My manager wants me to make this silly AWS certification.
Let me go on a tangent about trains. In Spain before you board a high-speed train you need to go though full security check, like on an airport. In all other EU countries you just show up and board, but in Spain there's the security check. The problem is that even though the security check is an expensive, inefficient theatre, just in case something does blow up, nobody wants to be the politician that removed the security check. There will be no reward for a politician that makes life marginally easier for lots of people, but there will be severe punishment for a politician that is involved in a potential terrorist attack, even if the chance of that happening is ridiculously small.
This is exactly why so many companies love to be balls deep into AWS ecosystem, even if it's expensive.
Nobody gets fired for buying IB^H^H AWS
> In all other EU countries you just show up and board, but in Spain there's the security check
Just for curiosity's sake, did any other EU countries have any recent terrorist attacks involving bombs on trains in the capital, or is Spain so far alone with this experience?
London had the tube bombings, but there is no security scanning there.
AFAIK, there is no security scanning on the metro/"tube" in Spain either, it's on the national train lines.
Edit: Also, after looking it up, it seems like London did add temporary security scanners at some locations in the wake of those bombings, although they weren't permanent.
Russia is the only other European country besides Spain that after train bombings added permanent security scanners. Belgium, France and a bunch of other countries have had train bombings, but none of them added permanent scanners like Spain or Russia did.
Not true, France had this on the train to the Netherlands (Thalys) after some crazy attacked some passengers in that train. They also added electronic gates to most high speed trains in many large stations.

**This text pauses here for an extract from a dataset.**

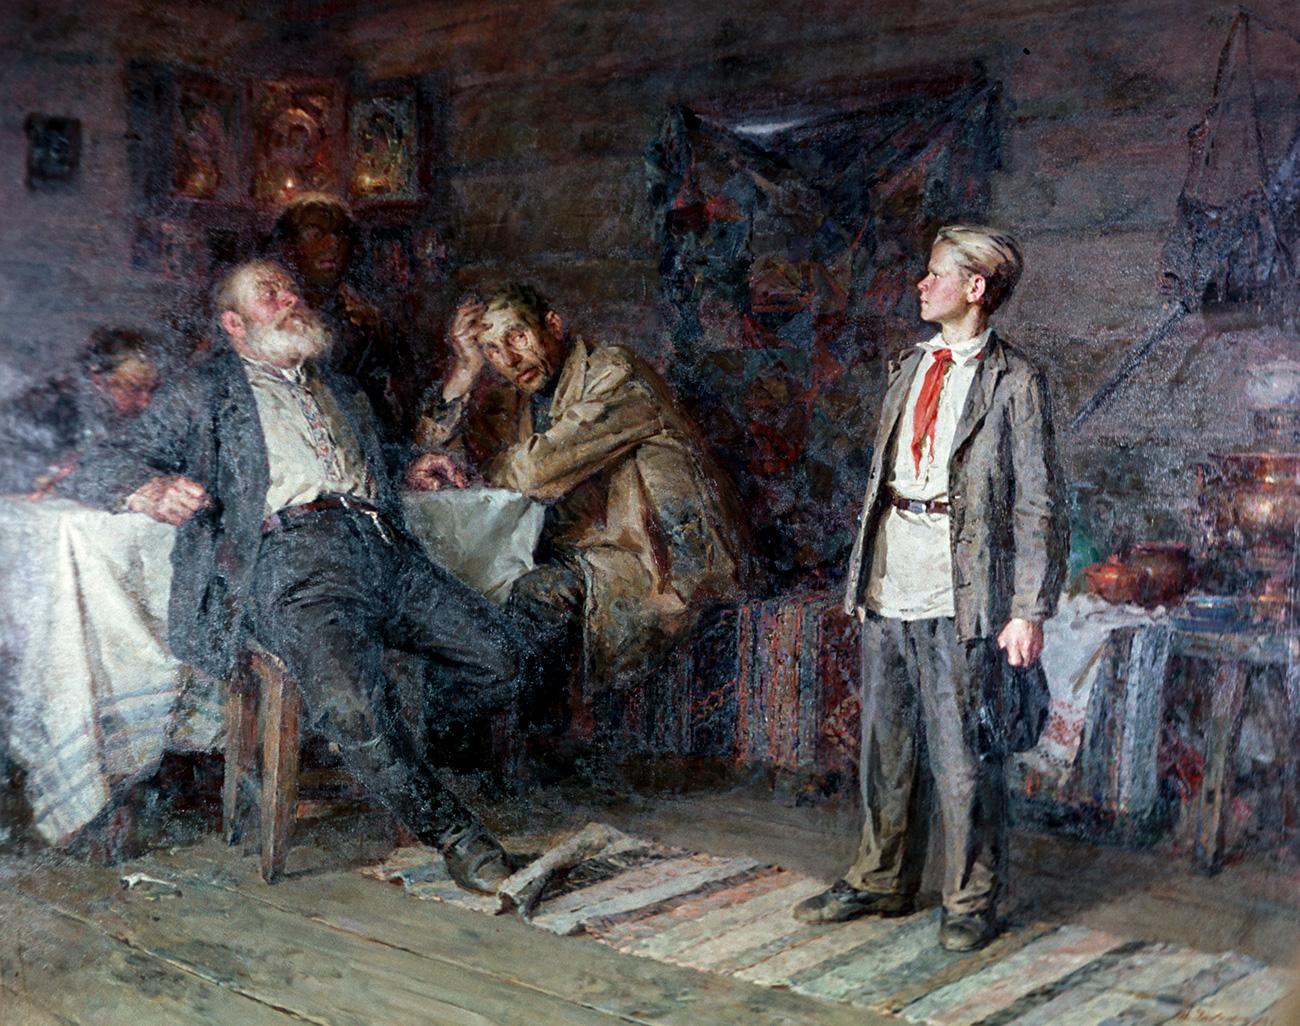 Lukisan sosok Pavlik Morozov oleh Nikita Chebakov. 1952. Sumber: Saikov / RIA Novosti
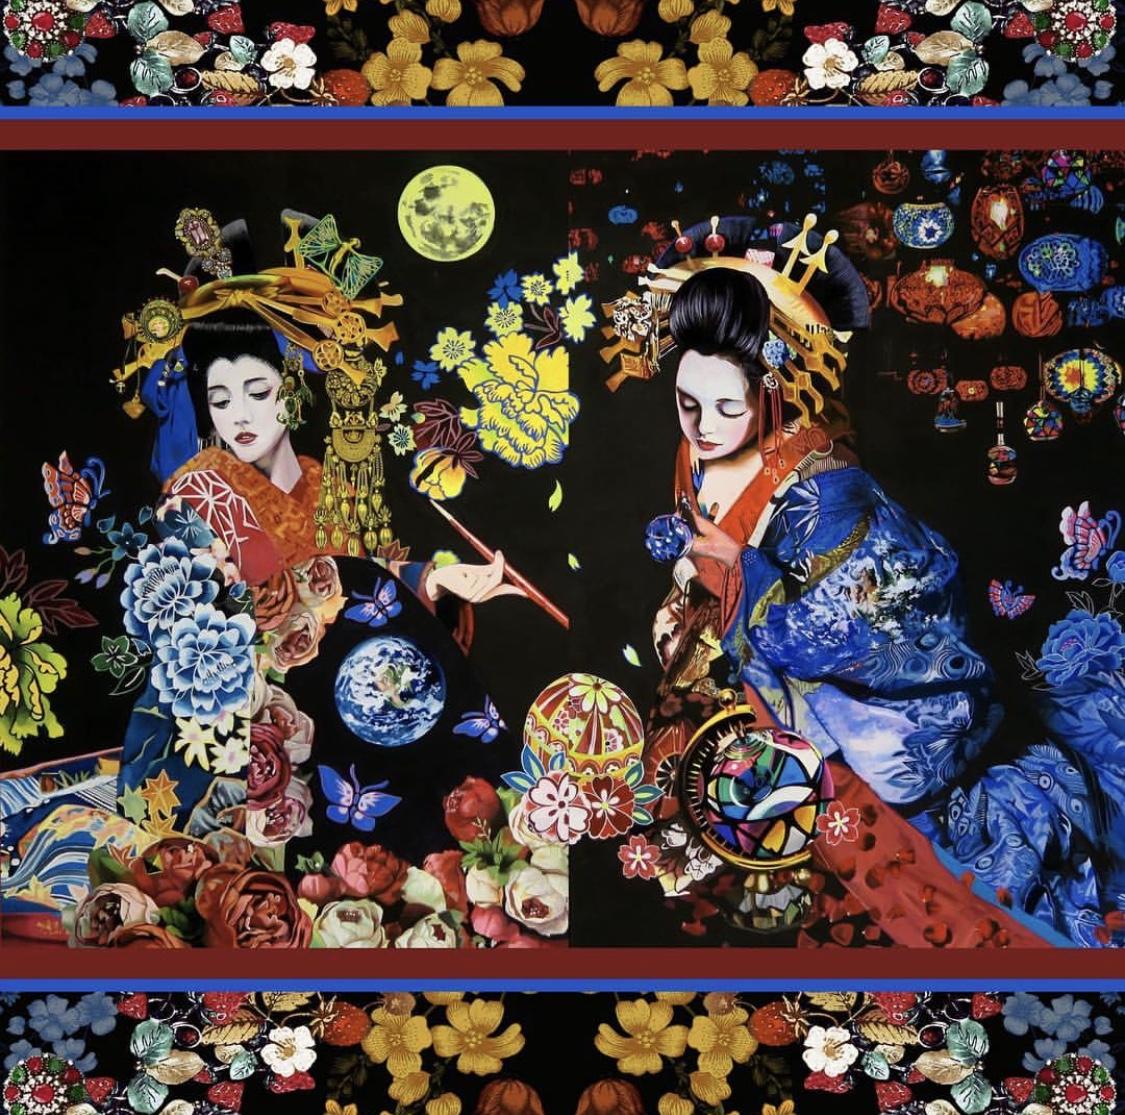 Assort presents solo exhibition of Maika Kobayashi

Notice how these inefficient processes create large, compact lines of passengers, which would made the casualties much worse in case of an actual bomb.
Checkout Madrid 2004 terror attacks... So deadly that Spain left Afghanistan and Iraq afik.
That's exactly the event I was alluding to, good detective work :)
https://en.wikipedia.org/wiki/2015_Thalys_train_attack
How does Spain deal with trains that come in from a neighboring country?
The security check has nothing to do with protecting trains or passengers, so your question is irrelevant.
Thanks for letting me know that my question is irrelevant. Sorry for taking up your time.
You're welcome
French trains come in without any security checks.
AWS doesn’t have to be expensive.
Sure, but you outgrow the free ("trial") resources in a blink, and then it starts being expensive compared to the alternatives.